_Work request_
Copy the listing below exactly, but skip the pictures.

_Supplied material_

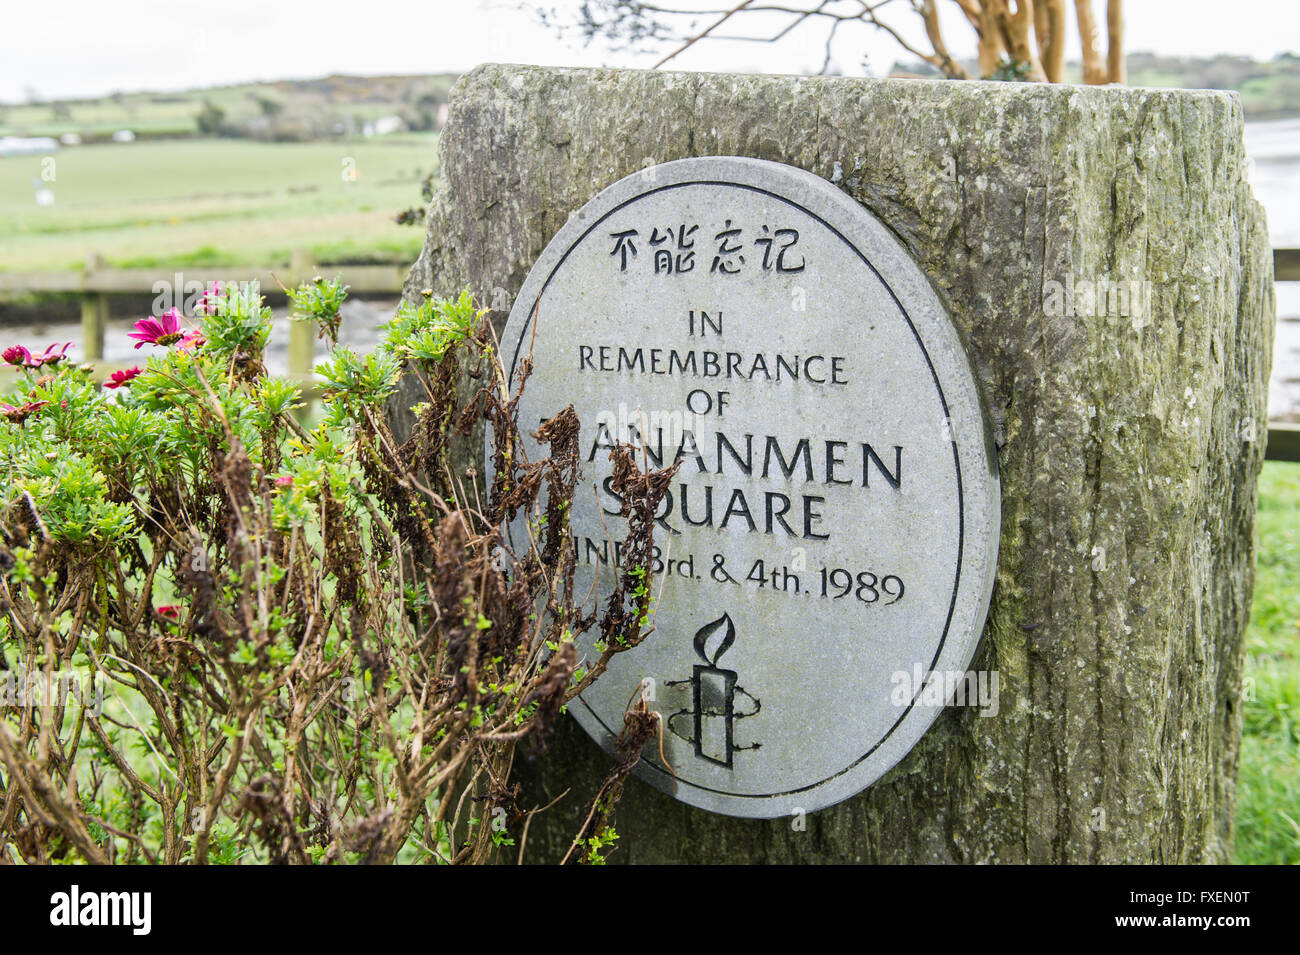 A plaque in Clonakilty, West Cork, Ireland, commemorating the events in Tiananmen Square, Beijing, China in 1989. Stock Photo
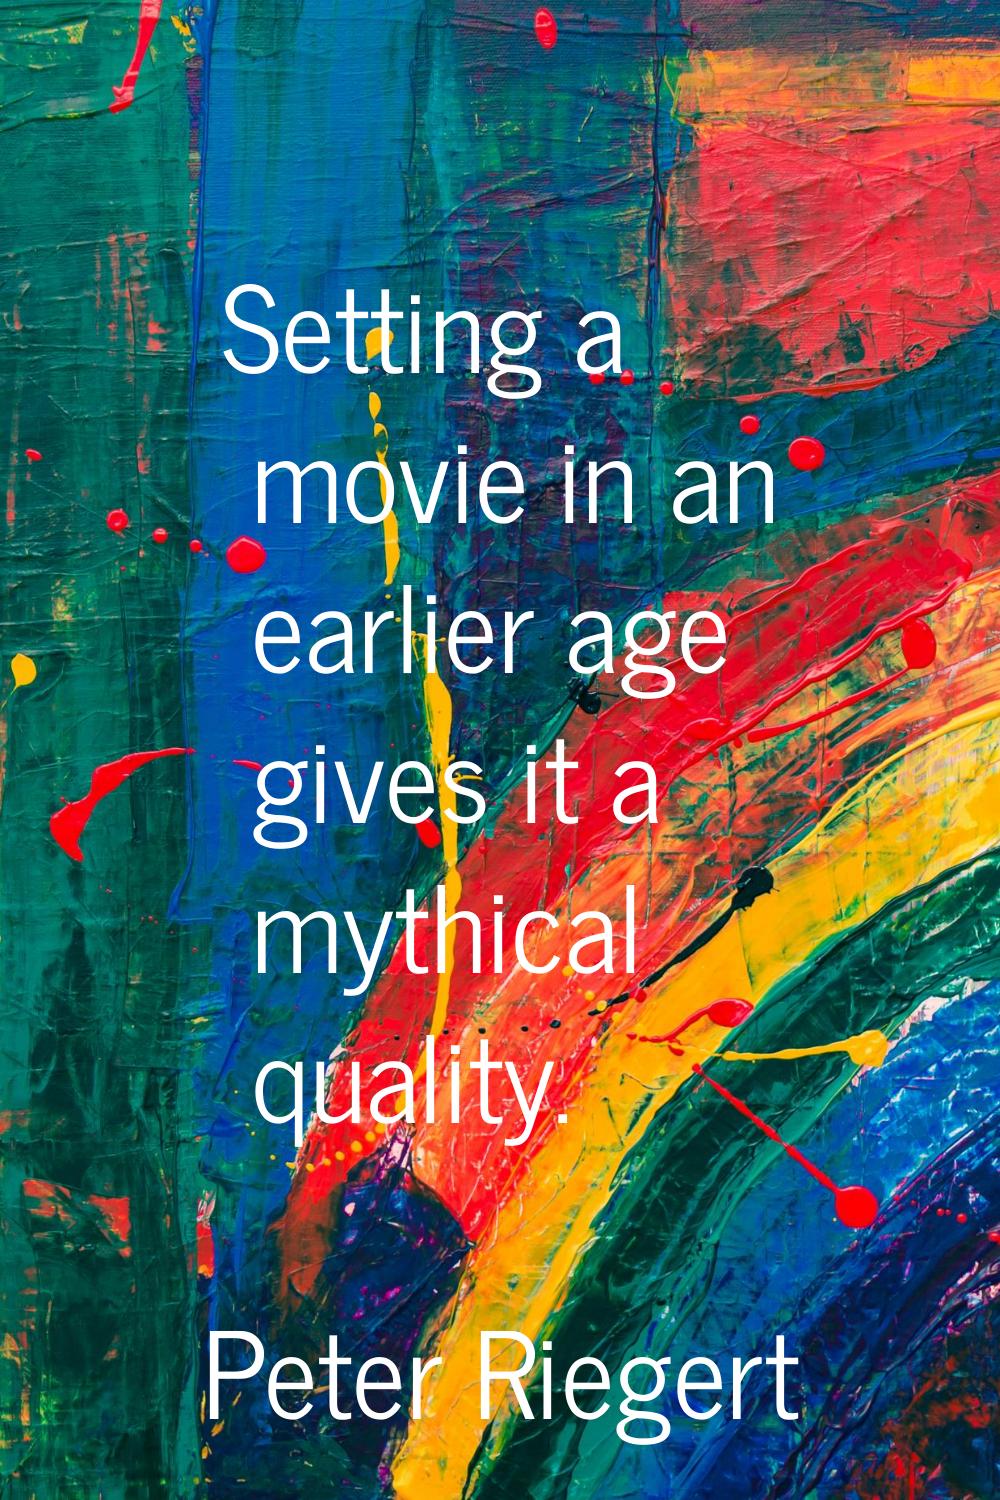 Setting a movie in an earlier age gives it a mythical quality.
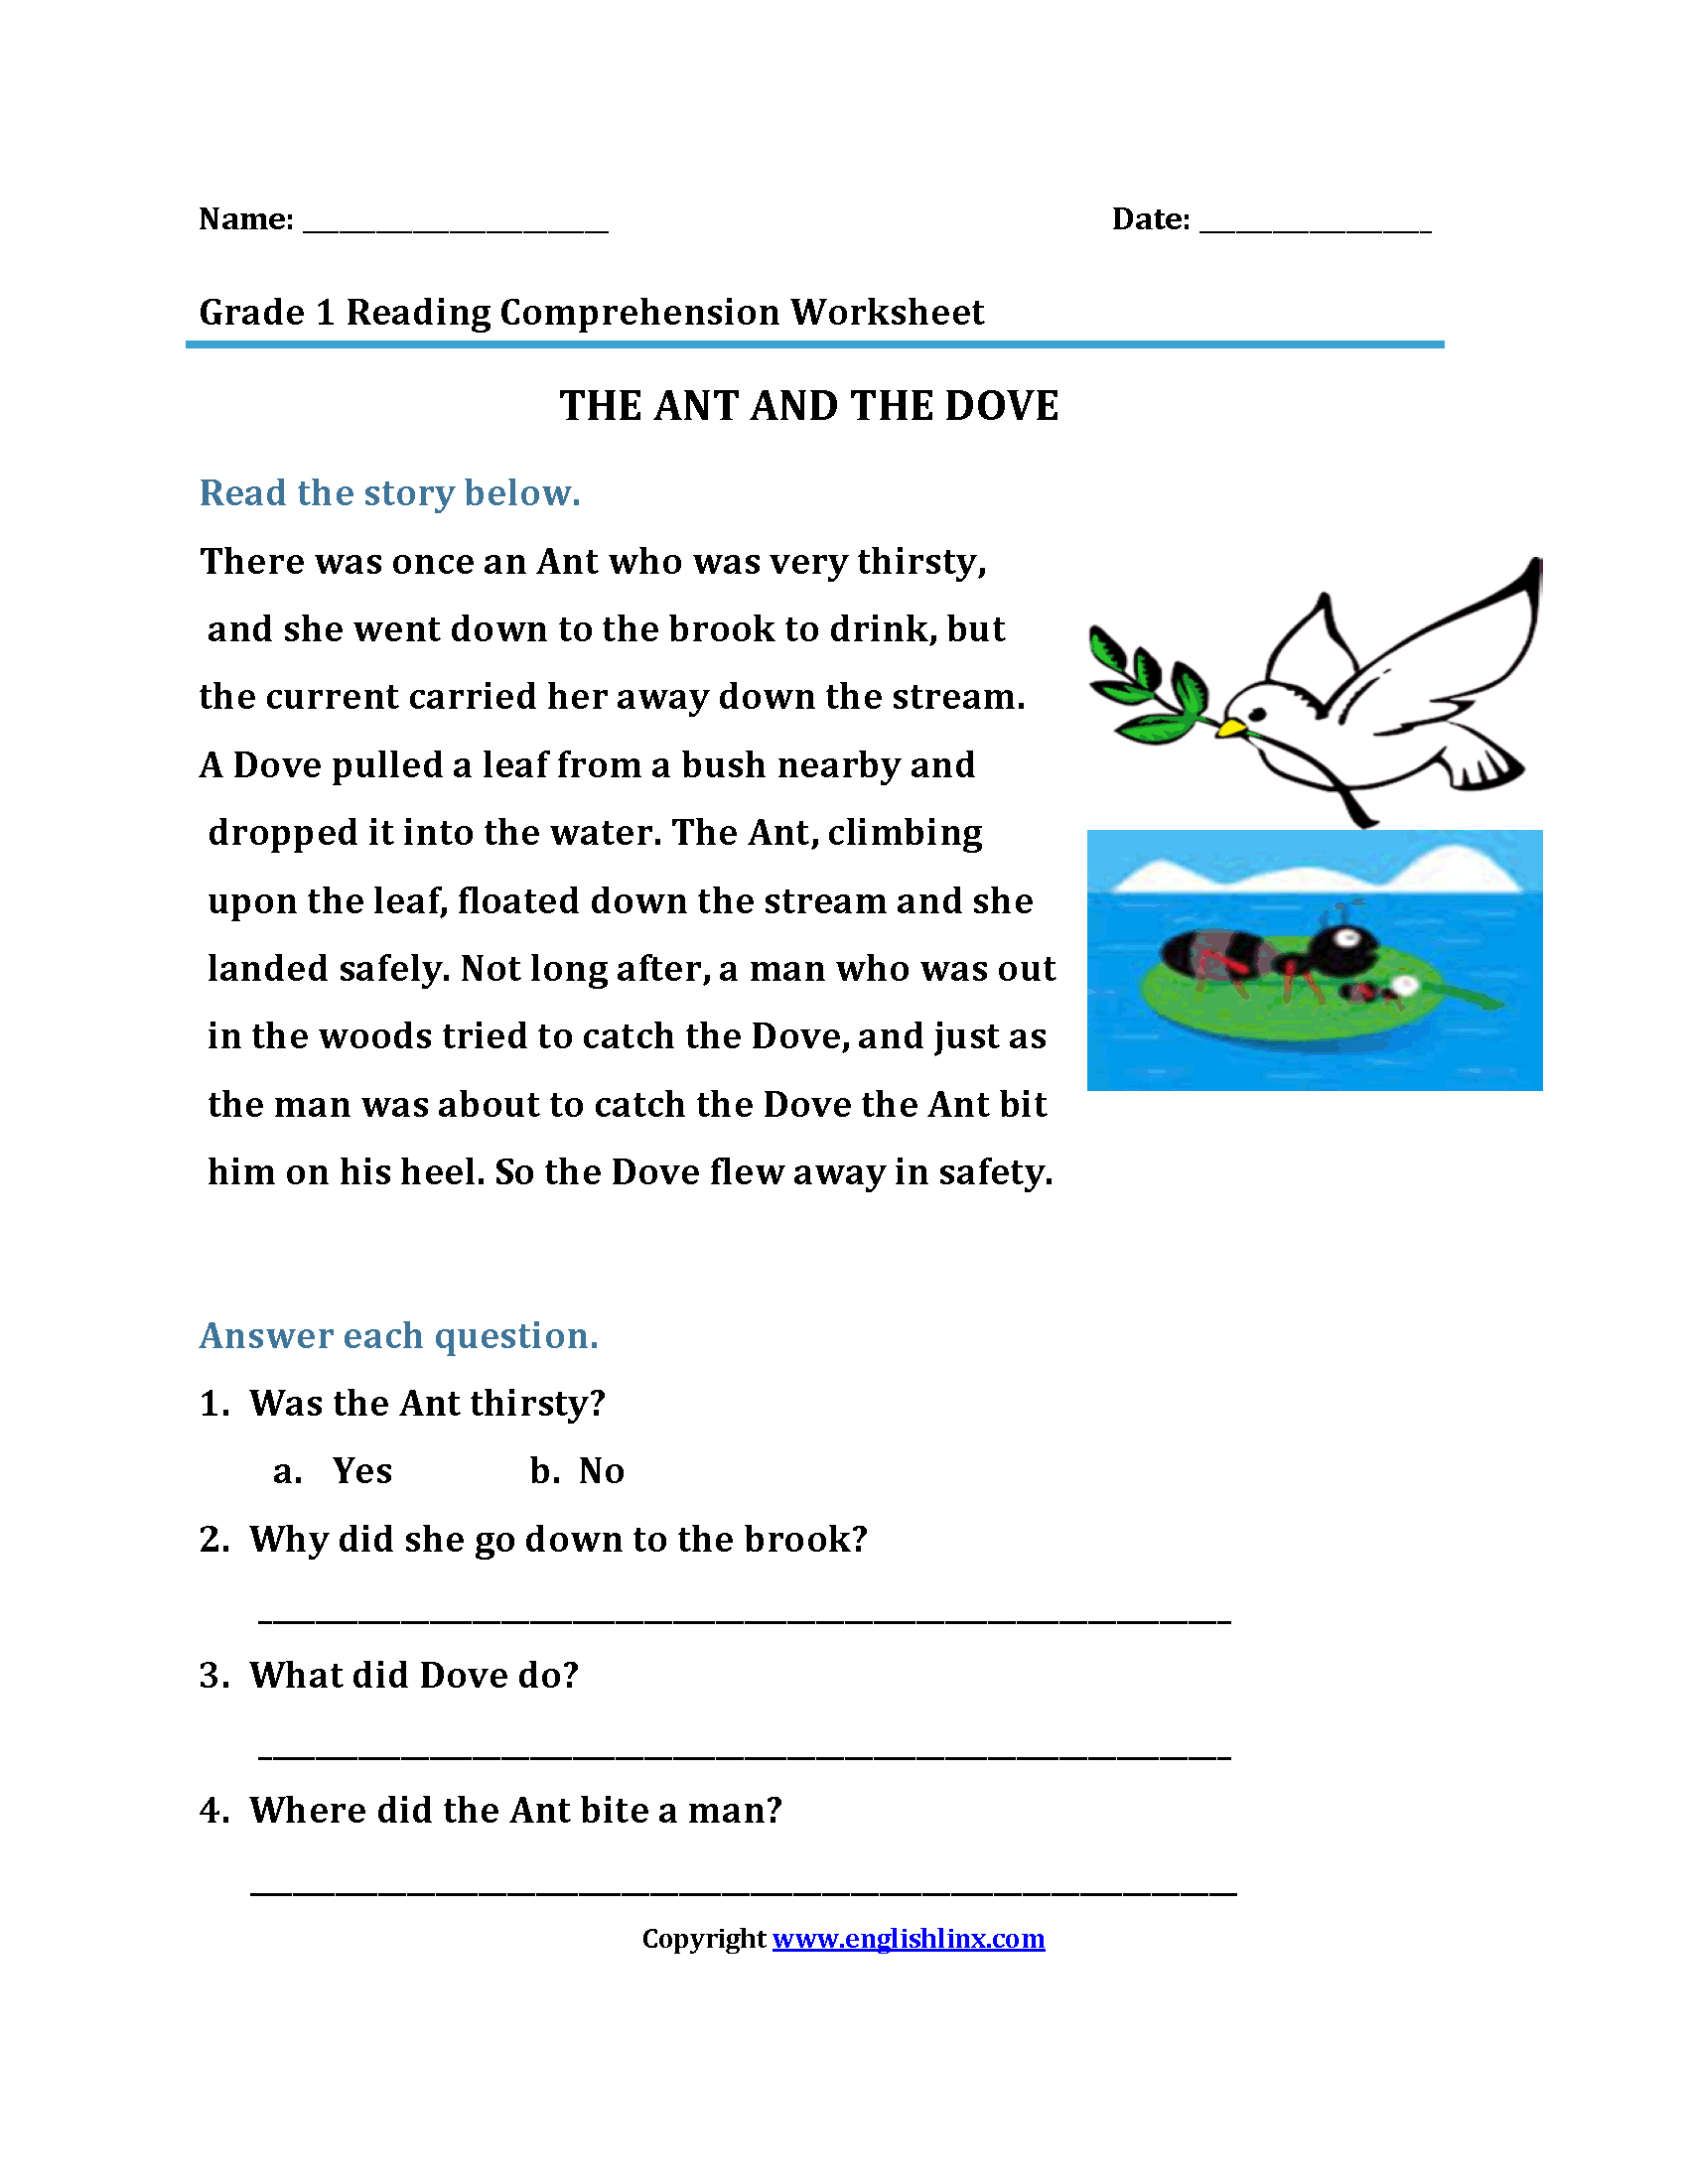 The Ant and Dove First Grade Reading Worksheets

_Solution to this task_
 A plaque in Clonakilty, West Cork, Ireland, commemorating the events in Tiananmen Square, Beijing, China in 1989. Stock Photo
 Setting a movie in an earlier age gives it a mythical quality.
 The Ant and Dove First Grade Reading Worksheets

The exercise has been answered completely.